Daí vem a virada: em vez de continuar no mesmo tom, a Lucasfilm mira outra direção. E é aí que entra Starfighter.

Starfighter vai na contramão do clima da série

O alvo agora é um longa que promete resgatar o “epicão” do universo. Star Wars: Starfighter deve trazer personagens sensíveis à Força, vilões ligados ao lado sombrio e, pelo que foi divulgado, a intenção é recolocar os Jedi no centro da narrativa cinematográfica.

A sinopse também ajuda a vender liberdade criativa: o filme acompanha um garoto sensitivo à Força e seu tio enquanto os dois atravessam a galáxia fugindo de novas ameaças. Em vez de depender do peso emocional de eventos já conhecidos, a produção quer abrir um caminho próprio dentro do cânone.

Esse tipo de promessa é o tipo de coisa que divide exatamente porque mexe no “DNA” da franquia. Só que agora tem um detalhe importante: a escala parece ser o objetivo número 1. E, em Star Wars, escala é metade do tempero.

Ryan Gosling e o elenco para virar evento

A escolha do elenco é outro sinal de que a Lucasfilm quer transformar Starfighter em evento. Ryan Gosling lidera o projeto ao lado de Amy Adams, Mia Goth e Matt Smith. É o tipo de escala de nomes que costuma aparecer quando o estúdio quer brigar por atenção no calendário dos cinemas.

Na direção, Shawn Levy tenta repetir uma fórmula que funcionou no mercado recentemente, com impacto comercial e apelo popular. E sim, o nome dele já desperta aquele “ok, então tem planejamento de blockbuster aí”.

Se a meta é resgatar a sensação de “Star Wars grande”, apostar em elenco com carisma e força de mídia faz sentido. É quase como trocar de modo do jogo: menos missão de acompanhamento, mais campanha principal.

O próprio histórico de StarWars.com mostra como a franquia valoriza narrativa e lore em camadas, o que combina com a ideia de construir algo cinematográfico com identidade.

Cinco anos após A Ascensão Skywalker, então é novo território

Outro ponto que chama atenção é o timing. Starfighter será ambientado cinco anos após Star Wars: A Ascensão Skywalker. Isso torna o longa a história mais avançada cronologicamente da franquia até agora.

Tradução: menos dependência de referências diretas, mais espaço para conflitos inéditos. Não significa que o filme vai ignorar a saga, claro. Mas significa que ele pode criar tensões próprias, aproximar a audiência de novos personagens e, quem sabe, reabrir caminhos para temas que estavam em latência.

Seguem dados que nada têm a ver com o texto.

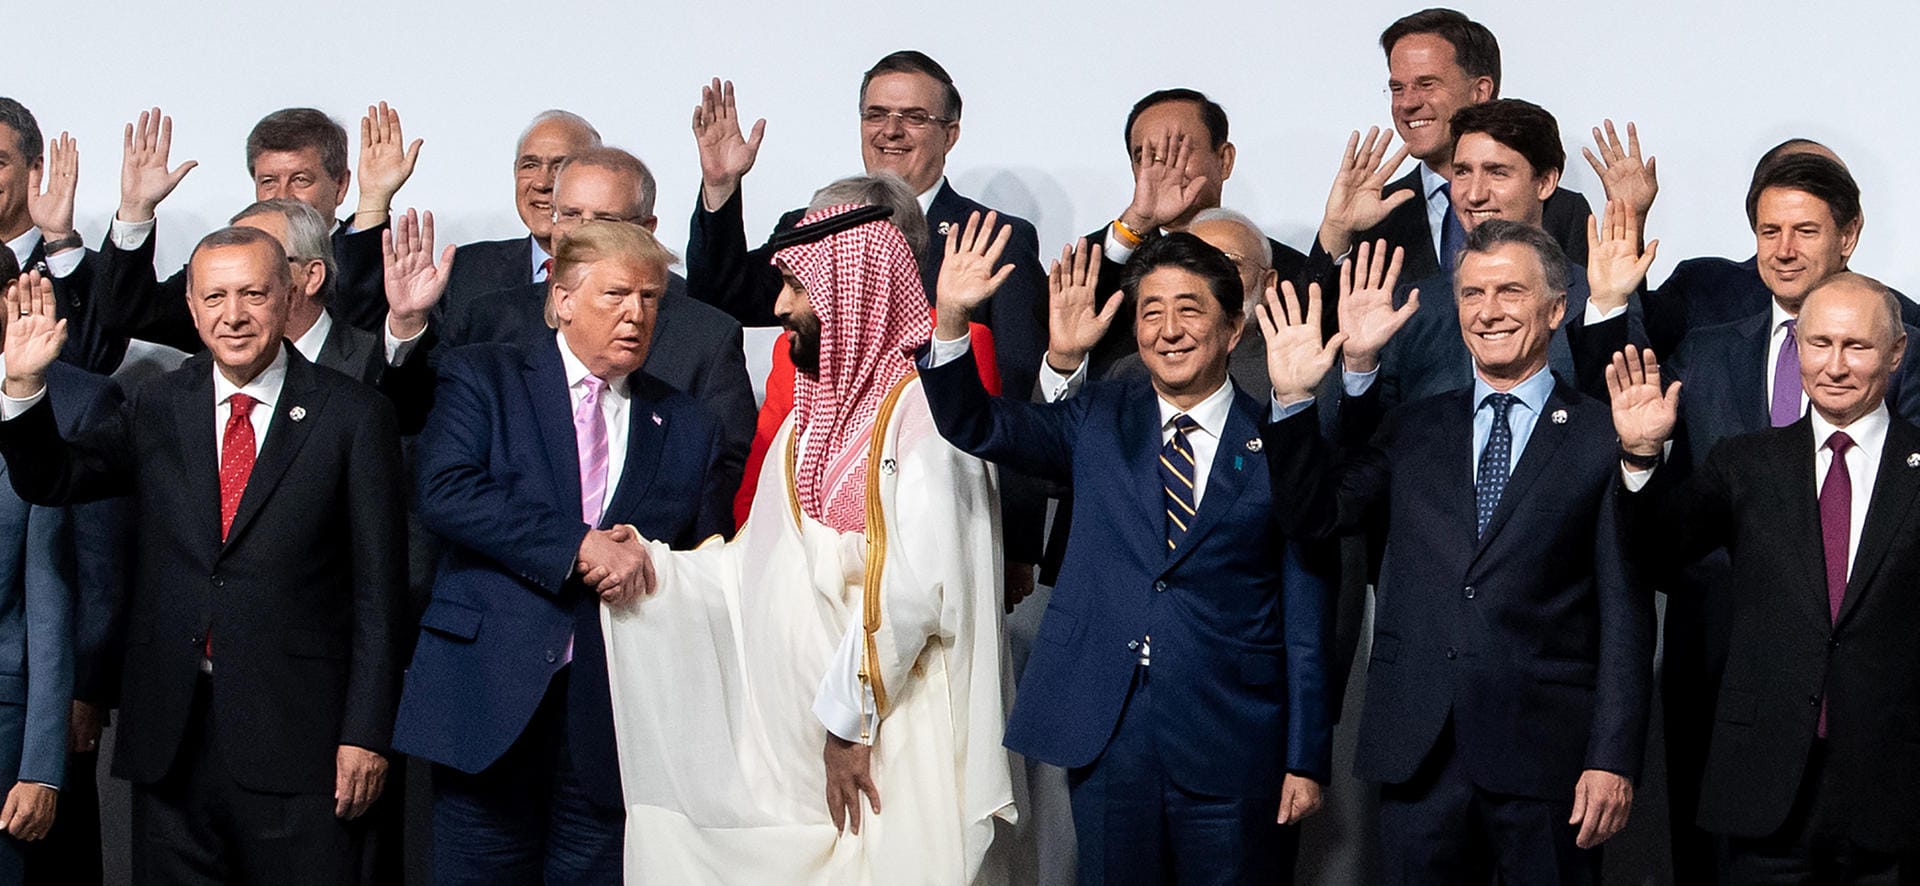 Er gilt als Mitwisser des Auftragsmordes an Jamal Khashoggi: Saudi-Arabiens Kronprinz Mohammed bin Salman. Dass er beim G20-Gipfel ausgerechnet in der ersten Reihe steht, hat allerdings protokollarische Gründe: Denn der Saudi ist Gastgeber des nächsten Gipfels. Demonstrativ hingegen scheint Trumps Händeschüttel-Geste, wo alle anderen schon winken. Der US-Präsident braucht den Prinzen als Verbündeten gegen den Iran.

Para quem curte teoria e cronologia, isso é um prato cheio. Para quem só quer ação com Força, também funciona, porque o período pós-trilogia segue com potencial dramático para alianças, perseguições e caos na galáxia.

Será que agora acerta o alvo dos Jedi?

Se Star Wars aprendeu algo com a divisão de fãs, é que cinema exige mais do que sensação de “conteúdo premium em episódios”. Exige momentos icônicos, aventura com escala e aquela estética que faz o coração do fã bater mais rápido.

Starfighter chega com promessa bem clara: Jedi, Força, vilões do lado sombrio e uma história avançando no tempo. E com Ryan Gosling no comando, a aposta soa como um “vamos de blockbuster de verdade”. Agora é esperar para ver se a Força vai estar do lado certo.